How right he is. And how accurate is his observation of the differences in the impact made, both spectator and media wise, by international competition whatever the passions aroused and the attendances attracted at club matches.
The huge crowds and the cash records from sponsorship and TV rights currently being generated Down Under for the National Rugby League club and state programme in Australia and New Zealand has, ironically, led to an inward looking attitude in the Southern Hemisphere, much to the detriment of international rugby league. At a time when today the likes of Serbia, Croatia, Germany, Russia, Ukraine, Italy, Norway, Jamaica, Lebanon, America, Canada, the Pacific Islands and many more countries worldwide are holding their own 13 a side national club leagues and competing at their own international levels.
Shortly before the birth of Super League, when attendances of over 73,000 were still being posted for international rugby league at Wembley Stadium and crowds of 50,000 plus were welcomed to Old Trafford for Test Match rugby, rugby league’s Ellery Hanley, Martin Offiah, Shaun Edwards and company were household names nationally in the media. Super League might have been watched by record crowds in season 2012 and the rugby union’s Premiership might have aroused great interest in Leicester, Bath, Gloucester and elsewhere but it is international competition which creates a national interest and a profile for a sport.

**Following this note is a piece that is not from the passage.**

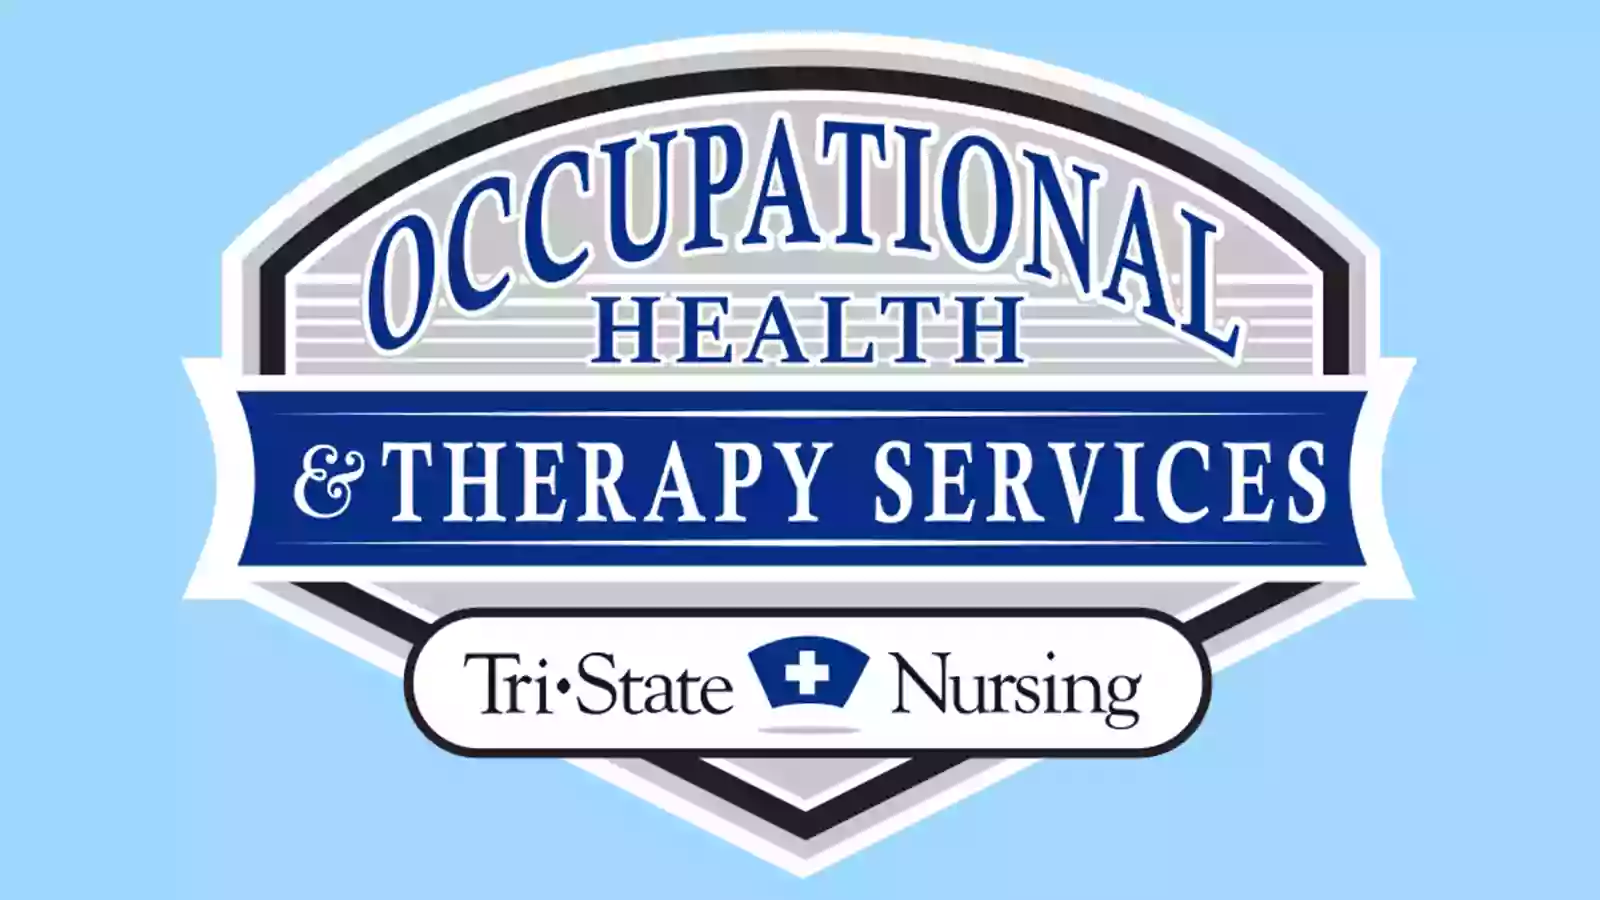 Occupational Health and Therapy Services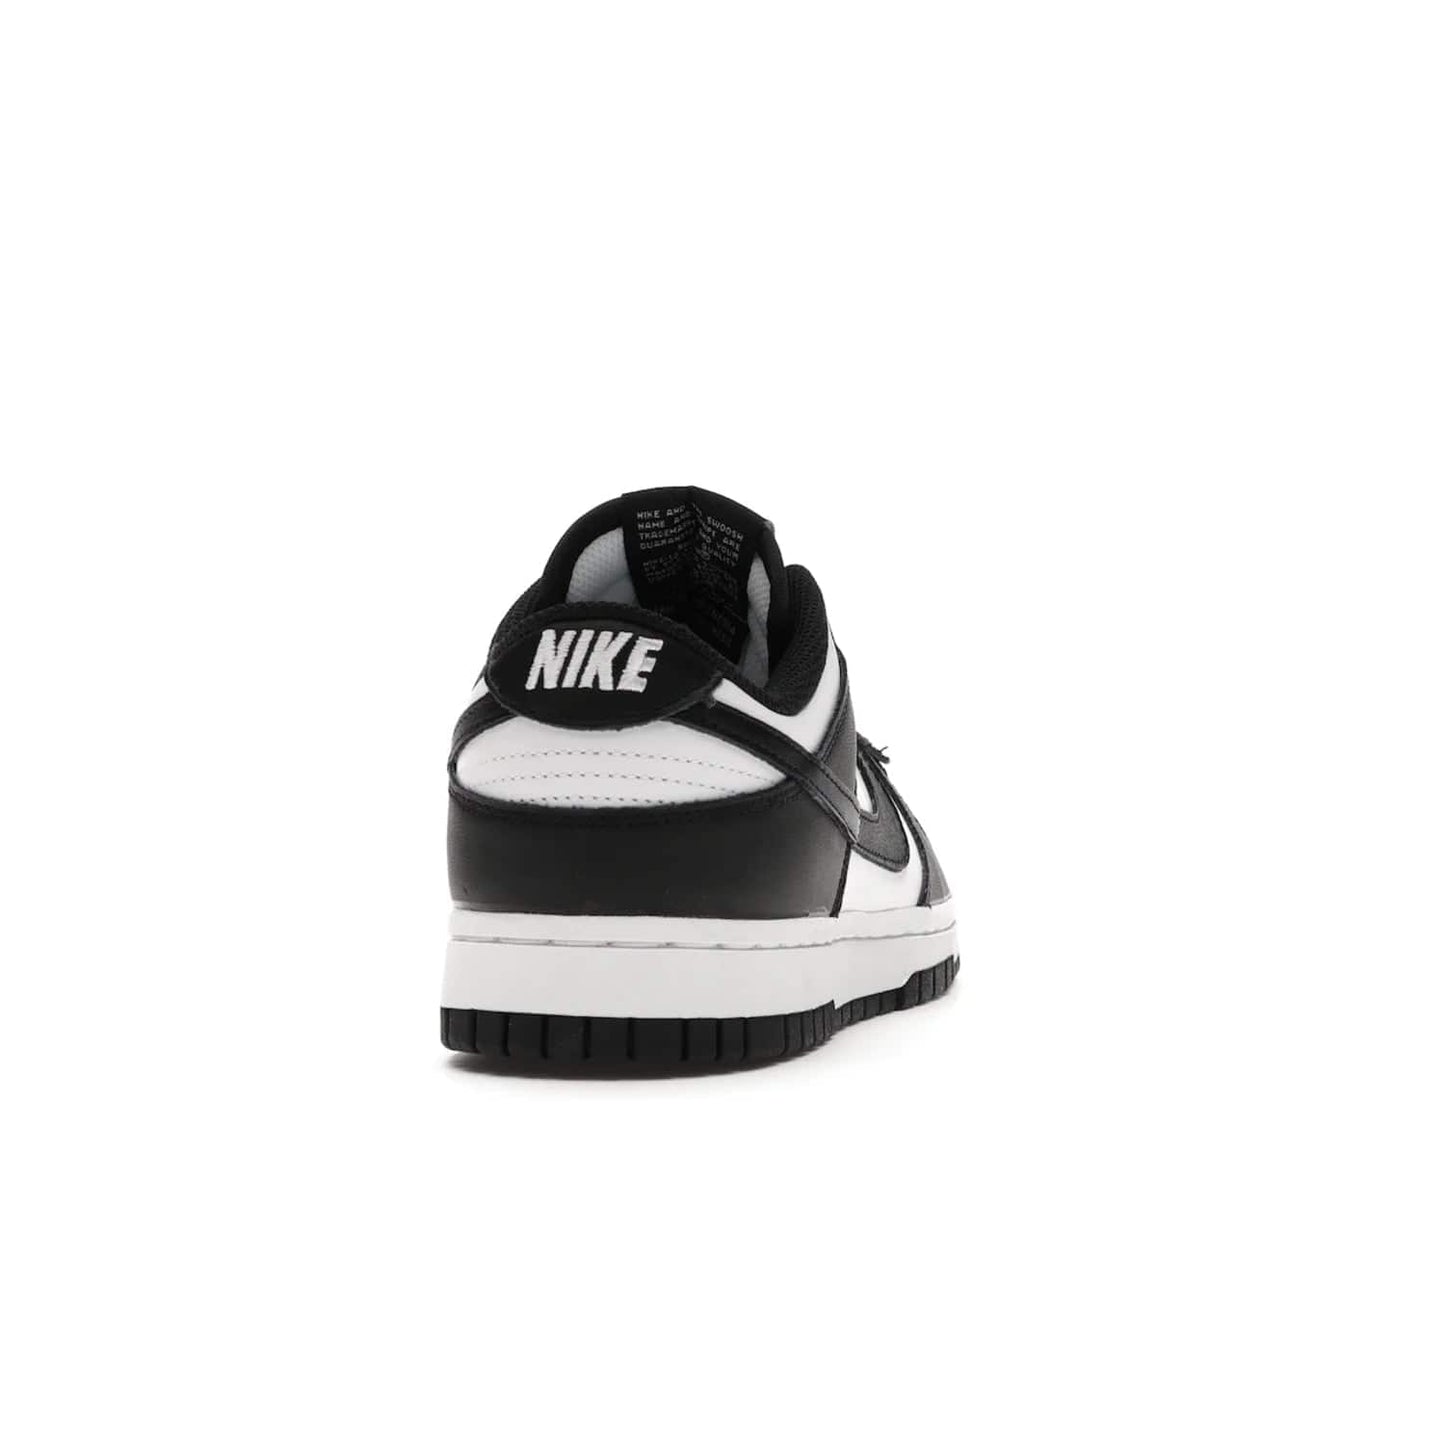 Nike Dunk Low Retro White Black Panda (2021) (Women's) - Image 29 - Only at www.BallersClubKickz.com - Say hello to the new Nike Dunk Low Retro White Black Panda (2021) (Women's)! White & black leather upper with Nike Swoosh logo. Get your pair for $100 in March 2021! Shop now!

England RU’s success on the pitch over the next six weeks will, to a considerable extent, determine the largesse and range of their sponsorship portfolio. Another 70,000 plus crowd and excellent TV and Radio viewing and listening figures at the Super League’s Grand Final will never have the same outcome.
So in the 2013 Rugby League World Cup, throw England, Scotland, Ireland, and Wales into the mix with Australia, New Zealand, Fiji, Papua New Guinea, France, the USA, Samoa, Italy, Tonga, and the Cook Islands, and promote serious, meaningful international competition. For, as the RU’s Six Nations Championship proves, only truly competitive international events can today provide a sport with the media, marketing, and financial opportunities to command a national audience.